Two weeks ago, when Paramount cancelled “The Late Show with Stephen Colbert,” insiders in Hollywood and Washington alike deemed the move suspicious: Colbert had just called his parent company’s payout to Trump a “big fat bribe” on air. Paramount, for its part, claims that the decision was purely financial—Colbert’s show is losing forty million dollars a year. But both the political and economic explanations reveal how the landscape of late night has changed since Johnny Carson’s day. On this episode of Critics at Large, Vinson Cunningham, Naomi Fry, and Alexandra Schwartz consider Colbert’s body of work and the state of the genre more generally, from the so-called late-night wars of the nineties through to the modern challenge of making comedy in a country where nothing feels funny anymore. “Late-night hosting is an art, but it’s also business. So, if your job is to get as many eyeballs on you as is humanly possible, what do you do?” Schwartz says. “It’s not easy to have fun with the news, as it is. And if you are having fun with it, something may very well be wrong.”
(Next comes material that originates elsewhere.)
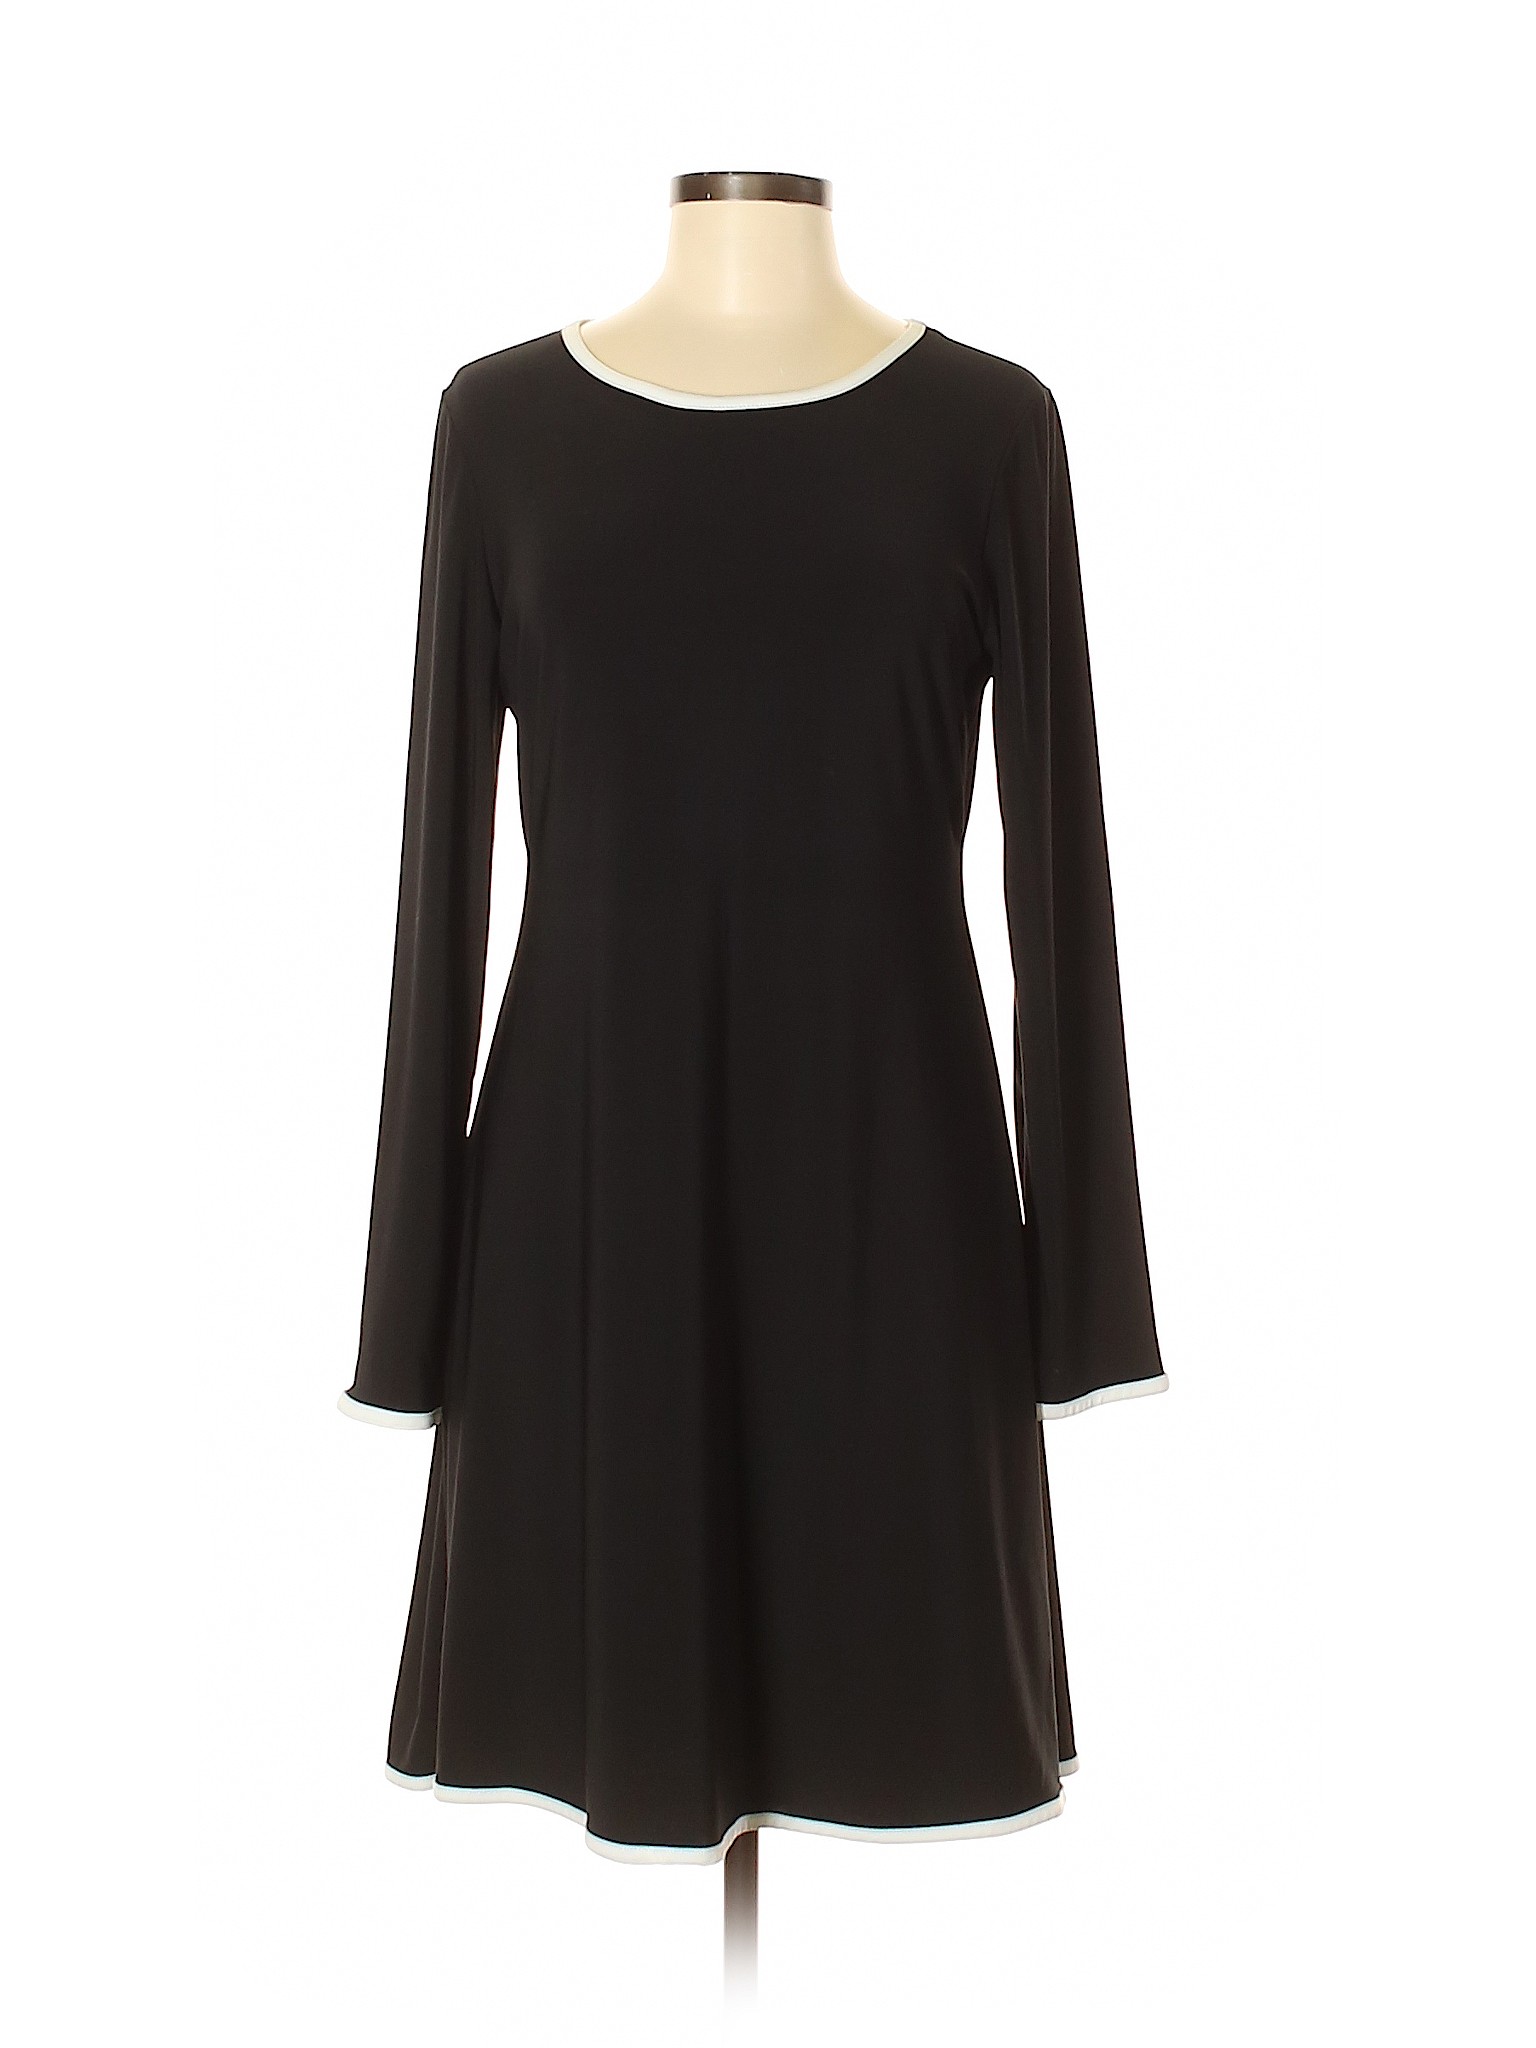 Annalee + Hope Women Black Casual Dress Med | eBay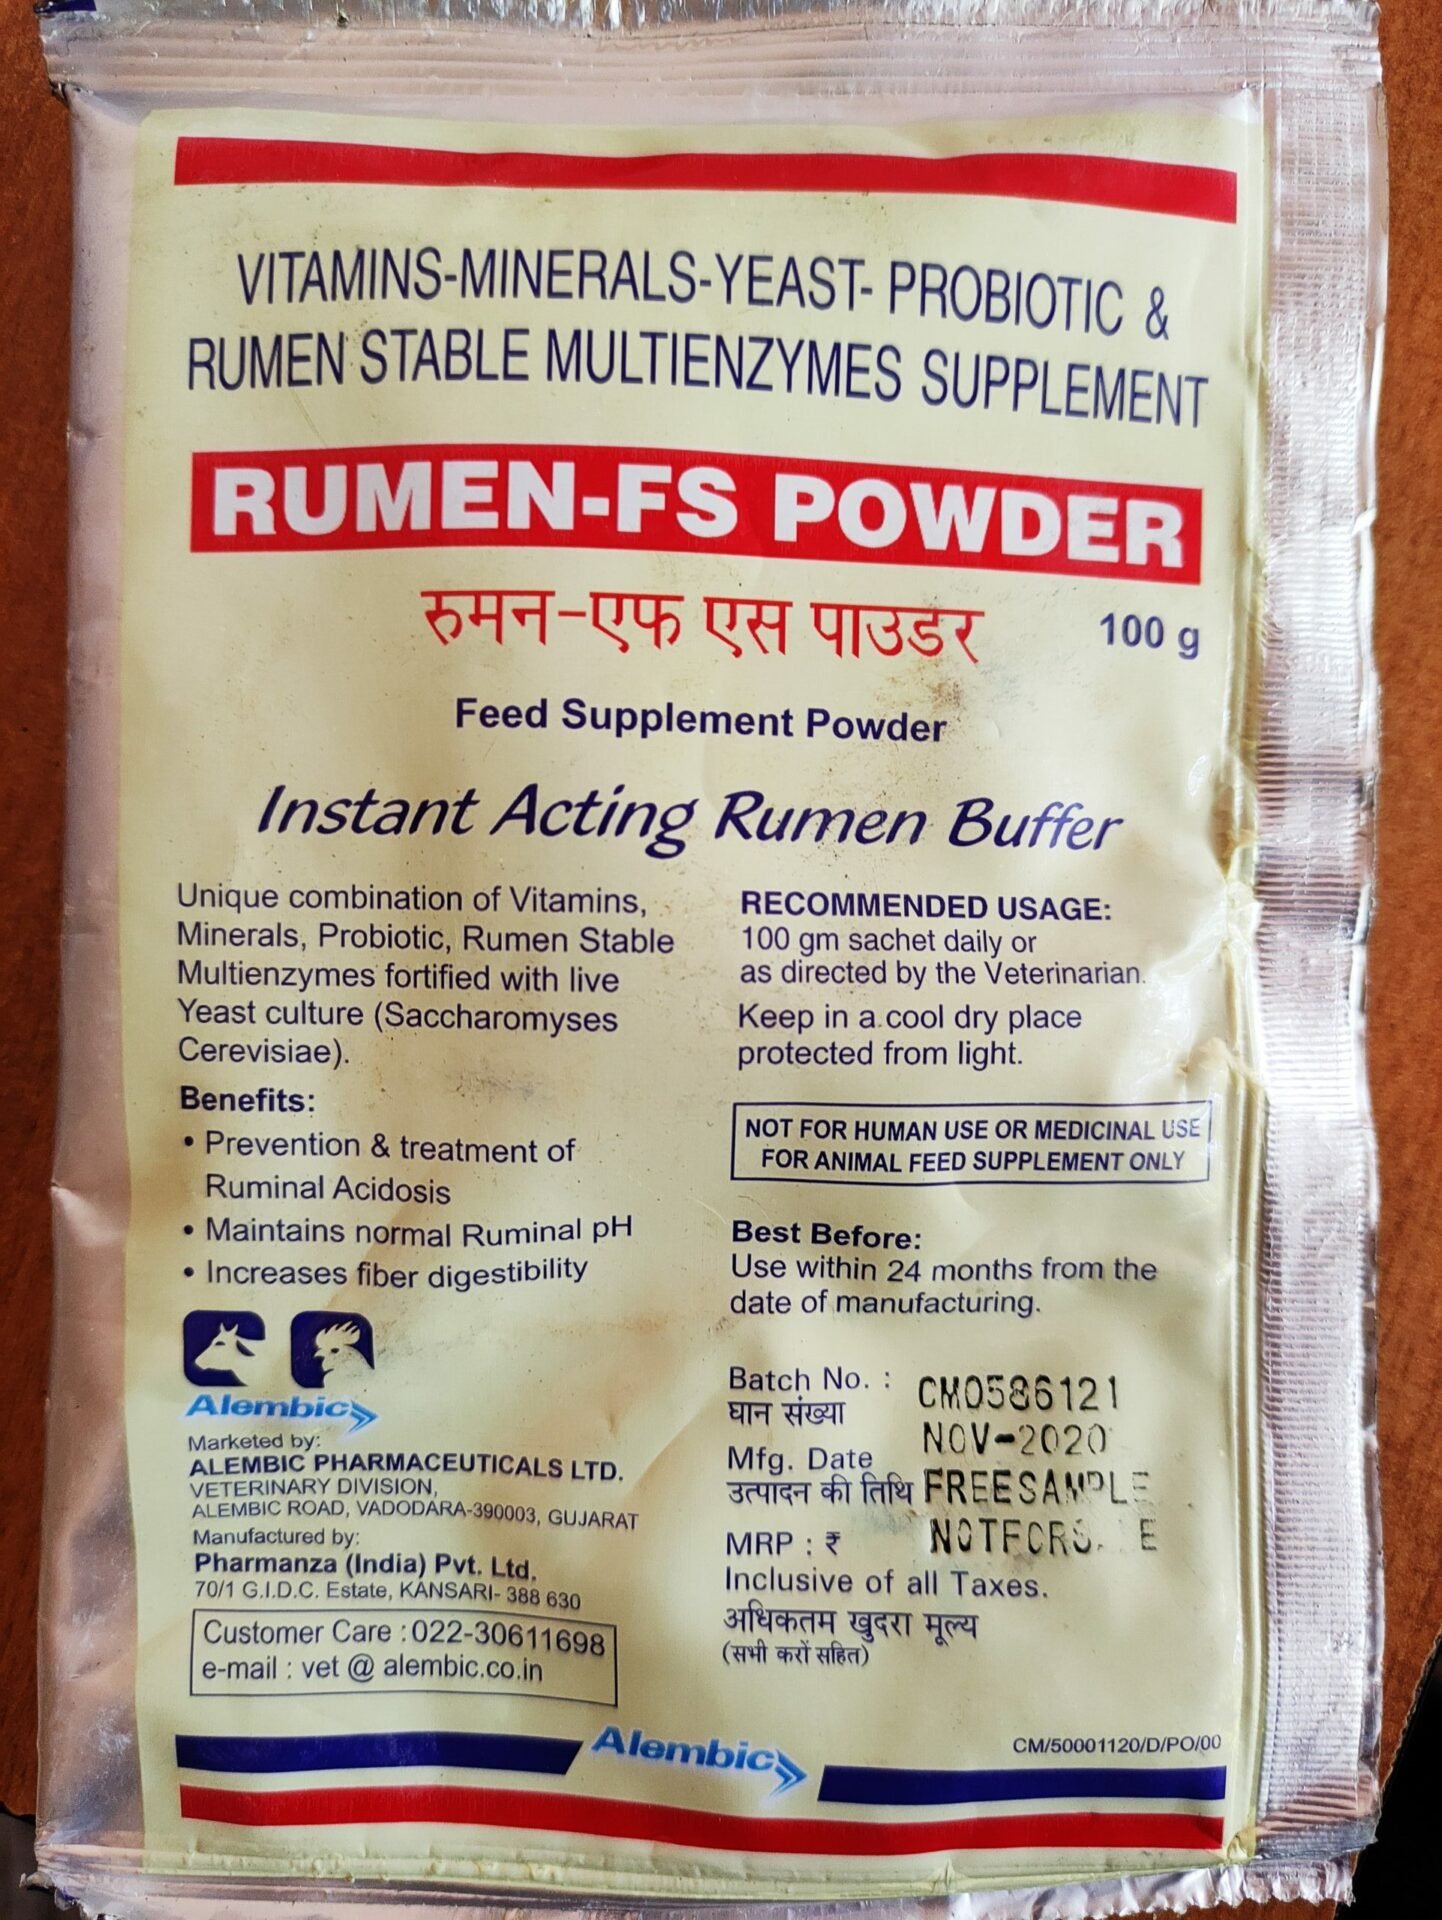 Rumen-FS Powder 100g Sachet - Your One-Stop Shop for Animal Health

Read, watch, and listen with the critics:
“Strangers with Candy” (1999–2000)
“The Daily Show” (1996–)
“The Late Show with Stephen Colbert” (2015–26)
“The Staying Power of the ‘S.N.L.’ Machine” (The New Yorker)
“Lessons from ‘Sesame Street’ ” (The New Yorker)
“The Tonight Show Starring Johnny Carson” (1962–92)
“David Letterman’s Revolutionary Comedy,” by Emily Nussbaum (The New Yorker)
“The Colbert Rapport,” by Emily Nussbaum (The New Yorker)
“Carpool Karaoke” (2017–23)
“What the Cancellation of Stephen Colbert’s ‘Late Show’ Means,” by Vinson Cunningham (The New Yorker)
“After Midnight” (2024–25)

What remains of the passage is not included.